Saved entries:
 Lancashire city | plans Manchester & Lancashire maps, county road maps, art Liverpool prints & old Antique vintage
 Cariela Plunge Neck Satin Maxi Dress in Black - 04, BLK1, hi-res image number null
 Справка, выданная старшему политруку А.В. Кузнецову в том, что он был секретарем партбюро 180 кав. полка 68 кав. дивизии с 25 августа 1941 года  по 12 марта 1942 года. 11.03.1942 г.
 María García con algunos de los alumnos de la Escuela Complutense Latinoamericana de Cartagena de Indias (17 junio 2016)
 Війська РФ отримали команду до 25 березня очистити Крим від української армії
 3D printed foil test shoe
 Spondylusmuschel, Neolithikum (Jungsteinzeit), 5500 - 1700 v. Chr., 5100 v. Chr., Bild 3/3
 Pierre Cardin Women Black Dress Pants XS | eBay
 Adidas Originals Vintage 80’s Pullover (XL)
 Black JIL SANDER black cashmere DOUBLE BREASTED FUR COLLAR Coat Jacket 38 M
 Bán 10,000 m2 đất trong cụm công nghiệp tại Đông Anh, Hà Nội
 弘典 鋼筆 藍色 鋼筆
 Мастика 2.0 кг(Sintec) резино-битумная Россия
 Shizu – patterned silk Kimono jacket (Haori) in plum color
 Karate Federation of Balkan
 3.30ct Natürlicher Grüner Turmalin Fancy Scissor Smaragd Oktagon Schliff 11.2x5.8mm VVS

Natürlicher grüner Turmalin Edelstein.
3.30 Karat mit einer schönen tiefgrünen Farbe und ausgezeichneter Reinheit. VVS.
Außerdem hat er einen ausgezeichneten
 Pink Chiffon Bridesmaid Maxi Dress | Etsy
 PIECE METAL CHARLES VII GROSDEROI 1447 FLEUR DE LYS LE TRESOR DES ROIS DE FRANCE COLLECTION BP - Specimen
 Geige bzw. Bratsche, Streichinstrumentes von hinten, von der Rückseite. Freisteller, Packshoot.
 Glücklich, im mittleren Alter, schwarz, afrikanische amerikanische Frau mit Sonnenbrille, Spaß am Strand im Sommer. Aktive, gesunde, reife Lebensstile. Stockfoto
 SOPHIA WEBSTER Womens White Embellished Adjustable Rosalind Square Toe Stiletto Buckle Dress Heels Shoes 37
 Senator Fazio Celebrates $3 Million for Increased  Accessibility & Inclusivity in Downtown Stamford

Try it =
Reproduce verbatim the stretch of lines beginning with the one containing "Bán 10,000 m2" and ending at the close of the entries above.

Output below =
 Bán 10,000 m2 đất trong cụm công nghiệp tại Đông Anh, Hà Nội
 弘典 鋼筆 藍色 鋼筆
 Мастика 2.0 кг(Sintec) резино-битумная Россия
 Shizu – patterned silk Kimono jacket (Haori) in plum color
 Karate Federation of Balkan
 3.30ct Natürlicher Grüner Turmalin Fancy Scissor Smaragd Oktagon Schliff 11.2x5.8mm VVS

Natürlicher grüner Turmalin Edelstein.
3.30 Karat mit einer schönen tiefgrünen Farbe und ausgezeichneter Reinheit. VVS.
Außerdem hat er einen ausgezeichneten
 Pink Chiffon Bridesmaid Maxi Dress | Etsy
 PIECE METAL CHARLES VII GROSDEROI 1447 FLEUR DE LYS LE TRESOR DES ROIS DE FRANCE COLLECTION BP - Specimen
 Geige bzw. Bratsche, Streichinstrumentes von hinten, von der Rückseite. Freisteller, Packshoot.
 Glücklich, im mittleren Alter, schwarz, afrikanische amerikanische Frau mit Sonnenbrille, Spaß am Strand im Sommer. Aktive, gesunde, reife Lebensstile. Stockfoto
 SOPHIA WEBSTER Womens White Embellished Adjustable Rosalind Square Toe Stiletto Buckle Dress Heels Shoes 37
 Senator Fazio Celebrates $3 Million for Increased  Accessibility & Inclusivity in Downtown Stamford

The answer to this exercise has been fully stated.